Known Cancer Gene Annotation
knownCancer¶
Short description¶
Annotates mutations with COSMIC and OncoKB cancer-related annotations to identify known cancer genes.
Signature¶
def knownCancer(self, annotation_table, output_path=None, compress_output=True, join_column="Hugo_Symbol", oncokb_table=None, in_place=False):
Parameters¶
| Parameter | Type | Required | Description |
|---|---|---|---|
annotation_table |
str | Path |
Yes | Path to the COSMIC annotation table (.tsv or .tsv.gz format). |
output_path |
str | Path |
No | Output file path. If not provided, saves with default naming convention. |
compress_output |
bool |
No | Whether to compress the output file with gzip (default: True). |
join_column |
str |
No | Column name to use for joining (default: "Hugo_Symbol"). |
oncokb_table |
str | Path |
No | Path to the OncoKB cancer gene list table (.tsv).
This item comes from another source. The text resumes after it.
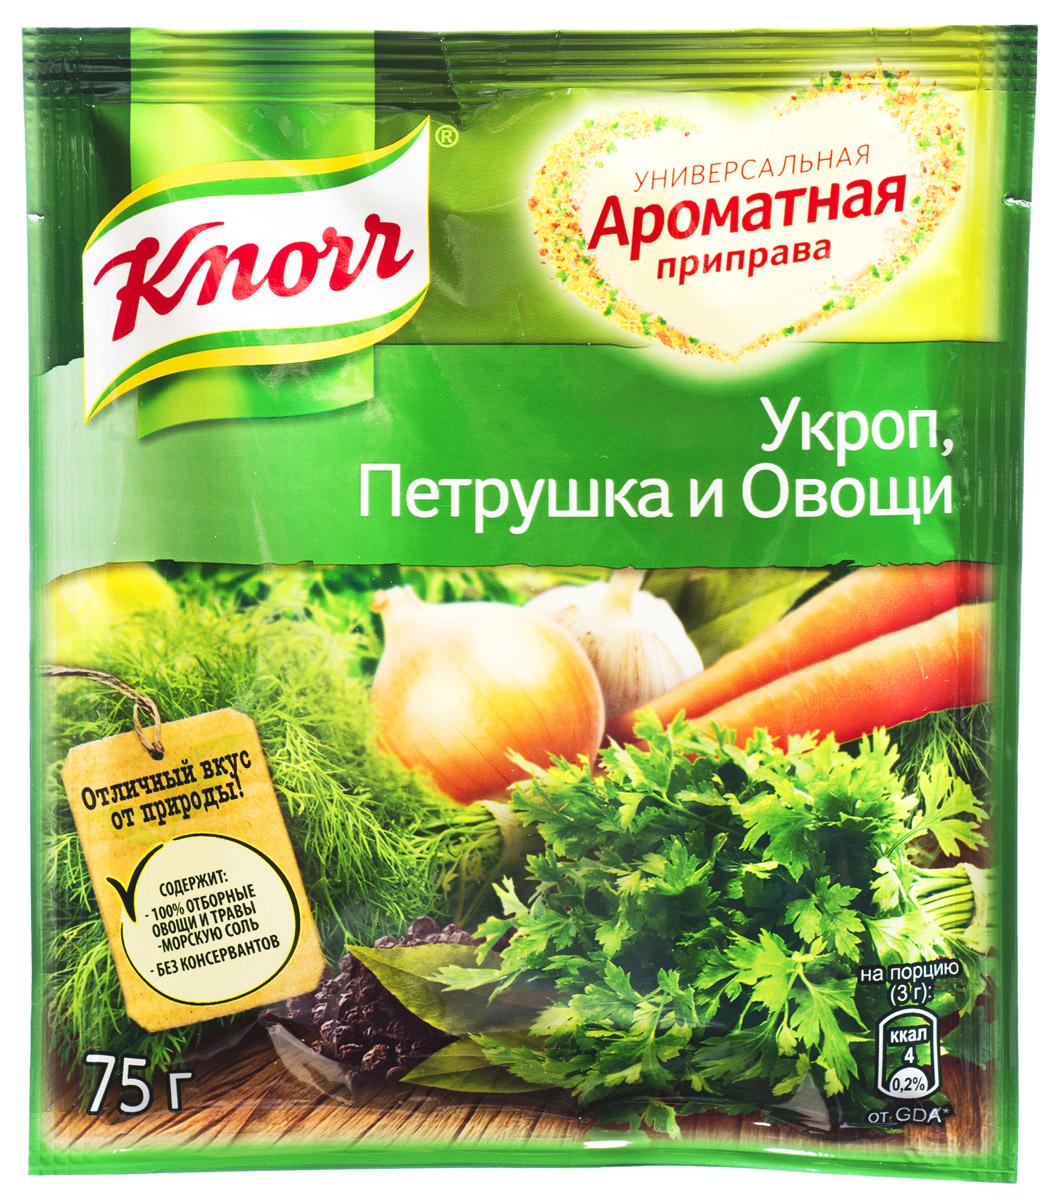 Knorr Ароматная приправа, 75 г20243854Выращенные с любовью натуральные спелые овощи мы дополнили знакомыми травами: укропом и петрушкой. Добавьте Ароматную приправу, и кухню наполнит пикантный аромат свежей зелени! Правильные пропорции любимых трав в сочетании с полезной морской солью в составе придадут вашим блюдам сбалансированный вкус.Всем привычное и любимое сочетание укропа и петрушки уходит корнями в исконно русские рецепты наших прабабушек. У каждой хозяйки есть под рукой эти две травки для дополнения и украшения салатов, супов и гарниров. Молодые побеги укропа добавляют в горячие и холодные блюда. Его листья и стебли придают еде освежающий вкус и летний аромат.Если ароматный укроп — северная приправа, то петрушка — южная. Основной ее аромат находится в стеблях, а не в листьях, поэтому для супов, гарниров и вторых блюд ее издавна используют в сушеном виде. Особенно подходит петрушка к рыбным блюдам, придавая нежному рыбному мясу пряный вкус и аромат.Когда овощи и травы попадают в воду, они снова распускаются, даря любому блюду свой вкус и аромат. А полезная морская соль сделает ваши блюда не только ароматными, но и здоровыми!Уважаемые клиенты! Обращаем ваше внимание, что полный перечень состава продукта представлен на дополнительном изображении.

Adds OncoKB annotations if provided. |
in_place |
bool |
No | If True, replaces self.data with annotated data. If False, returns annotated DataFrame (default: False). |
Return value¶
Returns pd.DataFrame if in_place=False, containing the annotated mutation data with cancer gene annotations. Returns None if in_place=True and updates self.data directly.
Exceptions¶
List only those the user should handle:
FileNotFoundError: if annotation files don't exist.ValueError: if join column is not found in DataFrame.